The tech giant has scheduled an event for Oct. 13, when it is widely expected to unveil this year’s iPhone lineup. As is typical, the company has said nothing about its plans for what would be the 20th iteration of its iconic smartphone, not counting large-screen variants of the same models. But leaks and supplier reports all have confirmed that the next-generation 5G wireless standard will be included in at least some of this year’s designs, and Apple itself dubbed the event “Hi, Speed” on its announcement.

Nearly all of the company’s competitors—including the largest,


—already have 5G phones on the market. But most of the world’s 5G action has been taking place in China, which accounted for more than three-quarters of 5G device shipments in the second quarter, according to Counterpoint Research. In the U.S., 5G coverage is still limited, even in major cities. That has hampered the uptake so far. IDC estimates that 4.2 million 5G smartphones were sold in the U.S. in the first half of this year—about 7.5% of total domestic smartphone shipments in that time.

Apple is widely expected to boost that. Counterpoint analyst Jeff Fieldhack predicts this year’s new iPhones will sharply increase the market share of 5G devices, resulting in such phones accounting for 20% of domestic smartphone sales by the end of the year. And several equity analysts have started redeploying the “supercycle” term used to predict strong iPhone cycles in the past—though not always accurately. Analysts project total iPhone unit sales will rise 10% in Apple’s current fiscal year ending next September, following two straight years of declines, according to consensus estimates from Visible Alpha.

That in turn has fueled Apple’s stock, which has jumped 59% so far this year even after retreating from its Sept. 1 peak. At more than 31 times forward earnings, the stock remains in its most expensive valuation range in more than a decade.

Is a 5G iPhone worth that? Probably not—if that is the only selling point. Past comparisons are problematic. The last major network transition to the current standard known as LTE took place in the 2010-12 time frame, when smartphones were still a fast-growing business globally. Apple’s first LTE device was the iPhone 5, which launched in late 2012. That device also sparked “supercycle” projections, though sales and the phone’s lower profit margins didn’t quite live up to the hype. Apple’s share price had surged 65% that year ahead of the iPhone 5 launch—and then slid 24% in the remainder of the year.

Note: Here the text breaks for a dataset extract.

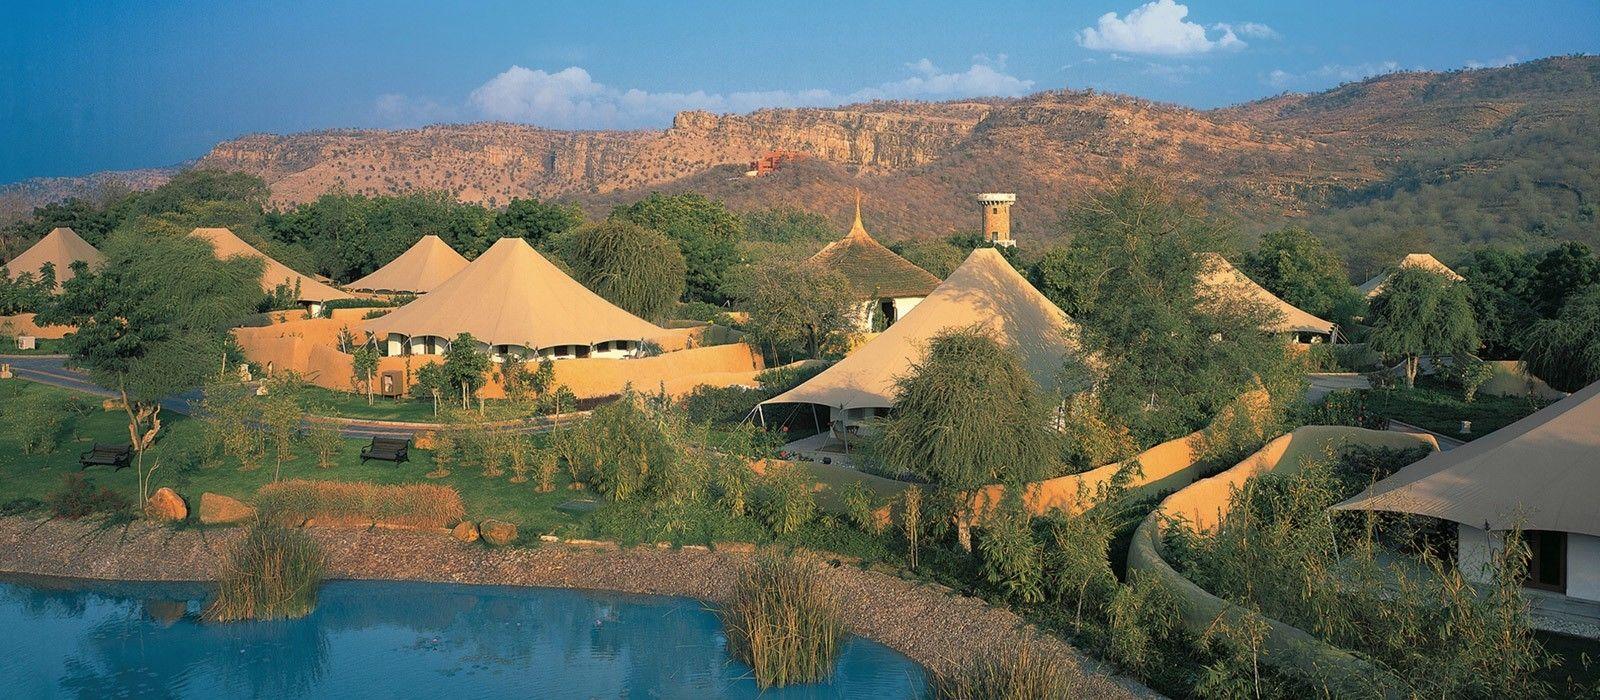 Oberoi Exclusive: Royal Rajasthan and Safari Special Tour Trip 3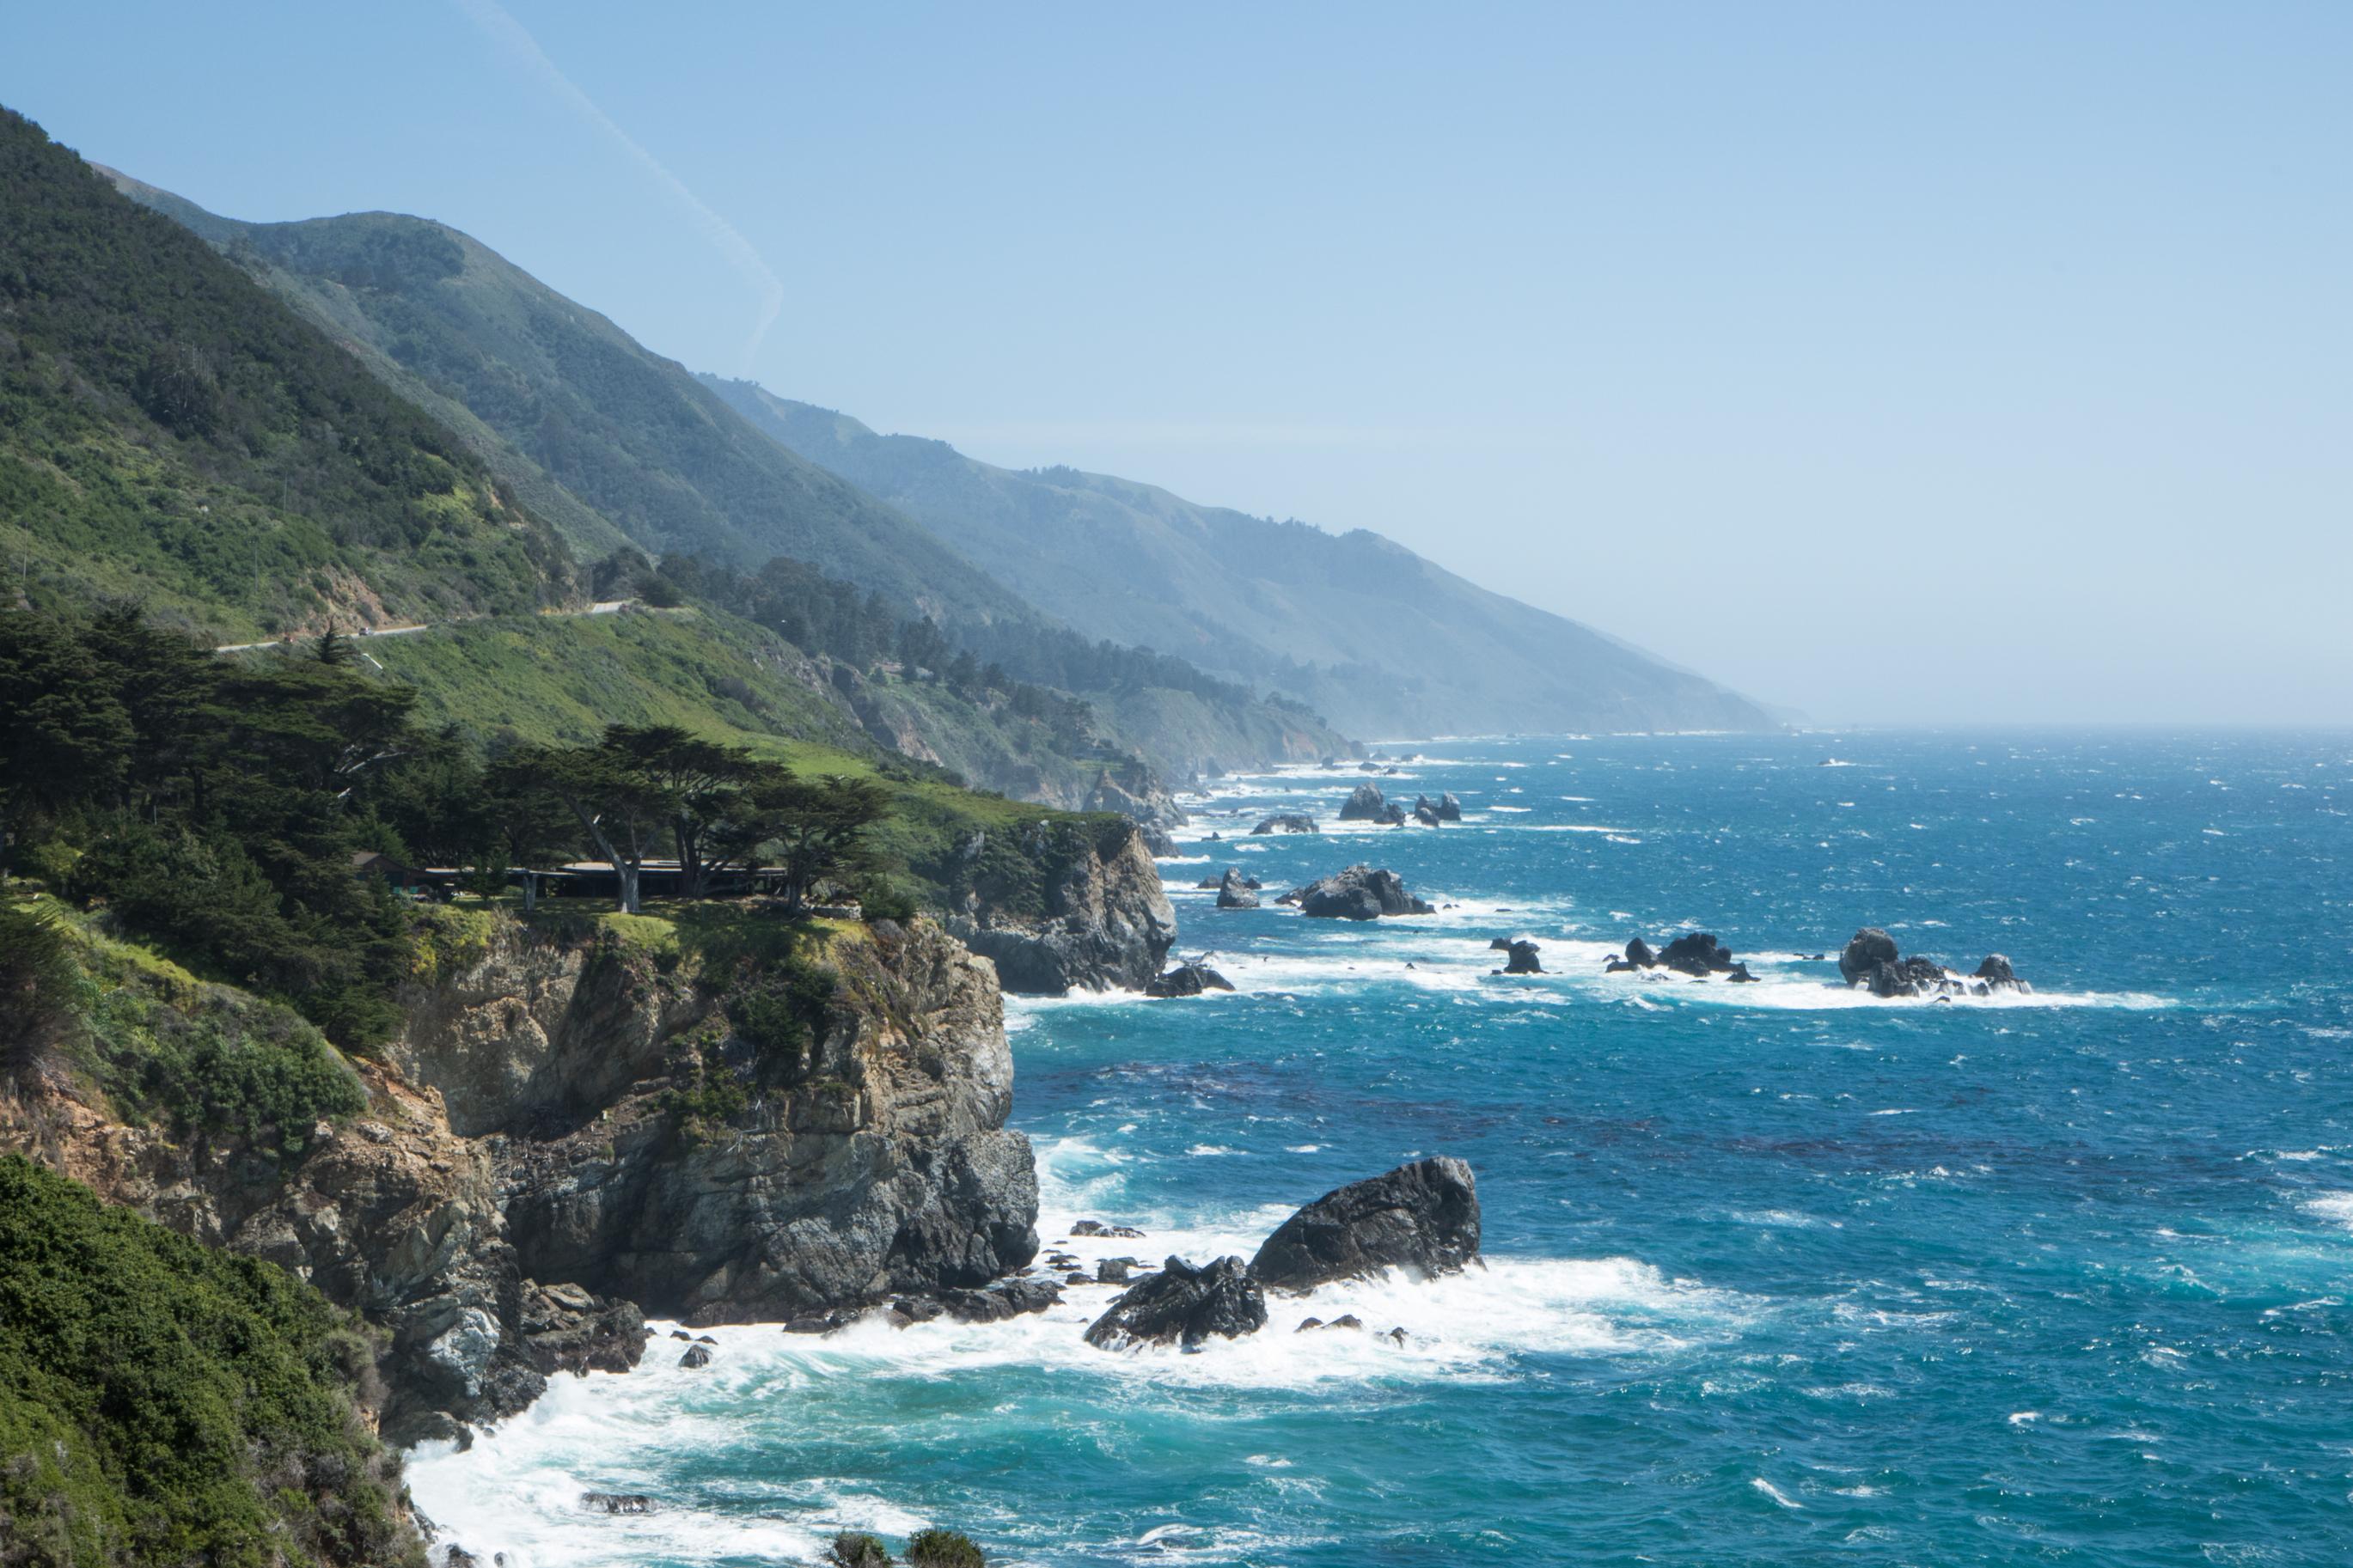 Pacific Coast Highway view Big Sur California Not So SAHM

Smartphone buyers tend to be more motivated by improved features such as screen size, better cameras and longer battery life. The iPhone 6 cycle that kicked off in late 2014 turned out to be Apple’s best ever, thanks to the significant display-size boost that device delivered. And last year’s iPhone 11 Pro models with their triple-lens cameras turned out to be more popular than expected. Analysts believe those models accounted for 28% of Apple’s total iPhone sales volume for the fiscal year that ended in September, compared with the 23% for the previous year’s top-of-the-line iPhone models, according to Visible Alpha.

The success of last year’s iPhones is actually another challenge for this year’s, as smartphone buyers now tend to hold on to their devices for three to four years. Apple still has a strong base of fans willing to line up for whatever the company comes up with each year. Getting enough of them to justify a market value of $2 trillion will be a tall order.